The short answer is… no. It doesn’t take long for him to start being annoyed and emotionally distant again. On top of that, he begins lashing out at me. He doesn’t want to talk about that thing he let slip anymore. My questions about it are met with short and strained responses like: ‘it’s fine’, ‘I don’t wanna talk about it’, ‘it’s not that big a deal, just stop going on about it’. He’s taking everything out on me and it feels like he’s punishing me for something. I cry, I tiptoe, I vent to my friends. Eventually I join the dots and realise that he’s angry because he feels like he’s said too much. He’s angry at himself because he stepped out of the man box and so that anger turns to me, the person who knows his secret, whose fault it is for helping him step out of the manbox, for threatening his masculinity. I’m his emotional punching bag again. He’s resentful at me and not only am I having to suffer at the hands of his inability to share his authentic self, but I’m being made to suffer when he does too. Damned if I do, damned if I don’t. Damned if he does, damned if he doesn’t.

This is a catch 22 dynamic that I have found myself caught up in a number of times and it’s always the same. It has become so textbook that it’s now household conversation that comes with an eye roll between me and friends. We have many anecdotes to share teas and coffees over. It is so familiar that when I see the telltale signs of this dynamic when entering into new relationships, I do a very conscious cost-benefit analysis to ask myself whether it’s really worth going through all the mental and emotional gymnastics of bending over backwards to liberate my partner from his man box prison - only to be punished for it because I am the reminder that he cannot live up to the dehumanising, unattainable societal expectations of what it means to be a ‘manly man’. I have had men tell me that they love me, only in the same breath to tell me to ‘just shut up, ttyl’ and then they just disengage and disappear. Why? Why are teaching our men and boys to be affectionless and emotionless? Why, as a society, are we teaching them that the cost of being either of those things is unthinkable compared to their own mental health and wellbeing?
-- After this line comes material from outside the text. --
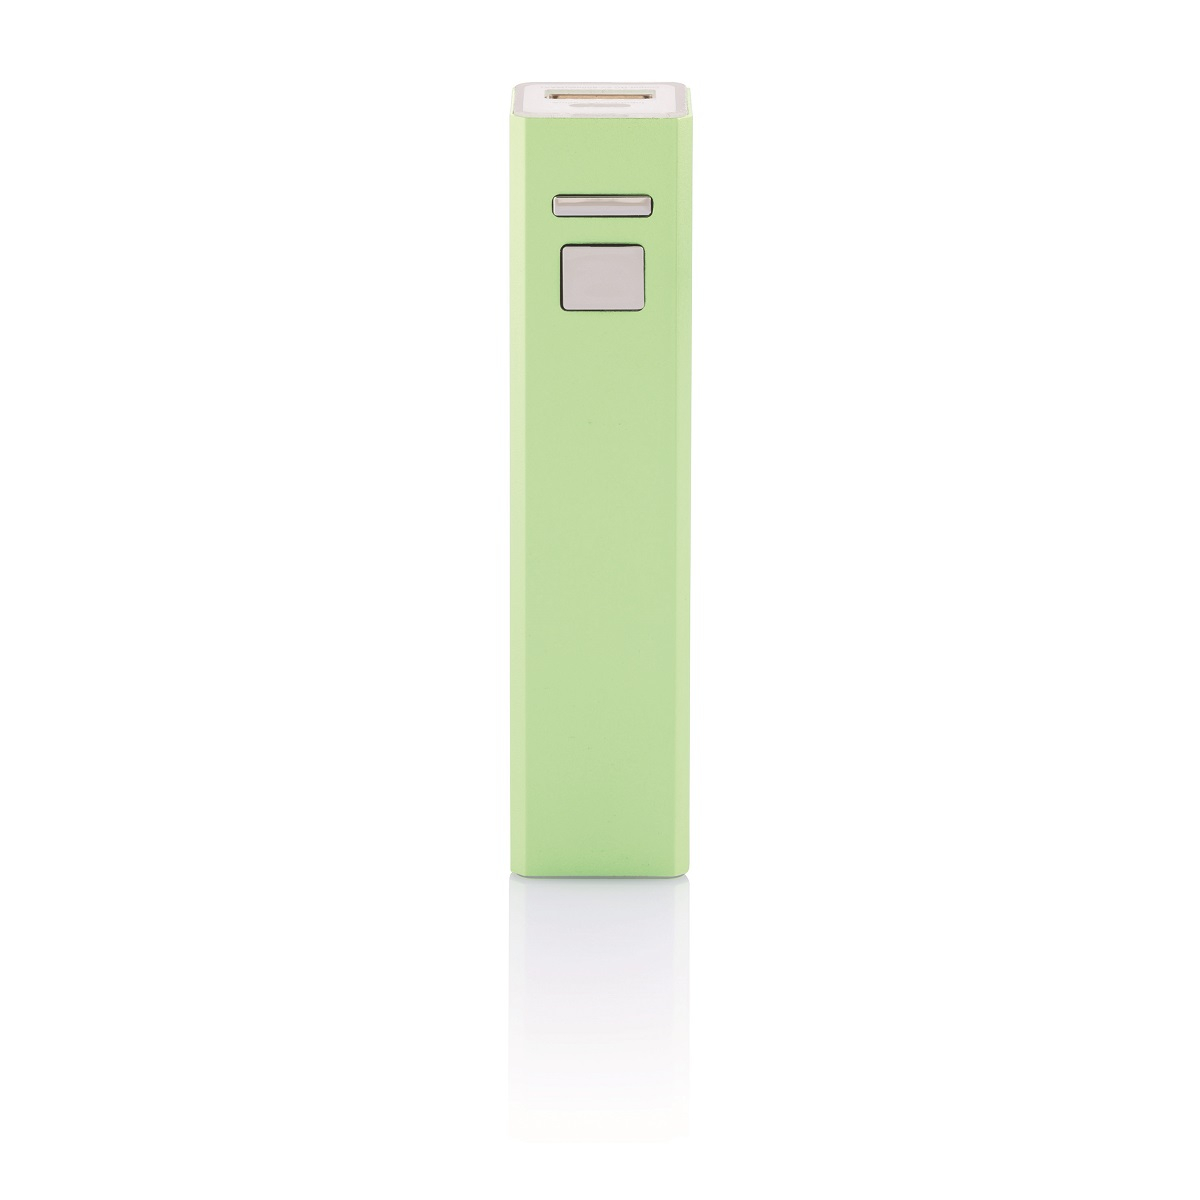 Image of Backup Battery in Lime

Dear Women: It’s not you and it’s not your fault. Remember that you don’t ever deserve to be or have to be anyone’s emotional punching bag. Centre yourself when you encounter these toxic dynamics and give them the ultimatum. Yes, an ultimatum. They either sort it out or they’re out. This ultimatum has saved me a lot of heartache and also a few relationships. When you give him the ultimatum, stick to it whatever the outcome - it’s up to him to decide how much he wants to change and commit to an emotionally mature relationship. If he’s willing to lose you to protect his manliness, then he’s already lost and he won’t change.

Dear Men: it’s time to investigate this behaviour within yourselves and deconstruct the anger that you wrap it in (because anger is the only emotion you have ever been validated in having). It is time to work with each other to talk about and deconstruct the man box as a social construct and the ways in which it is holding you and your relationships hostage. And it is time to give your partners (romantic or otherwise) a break, recognise when you are reinforcing a damned-if-they-do-and-damned-if-they-don’t dynamic and hold up the mirror to yourself. It is time to unlearn the impulse of lashing out and punishing your loved ones for something that is not their fault. Allow yourselves to sit with vulnerability and insecurity and affection and all the emotions that makes us human. Open your critical minds and loving hearts to the invitation, the possibility, of allowing someone in.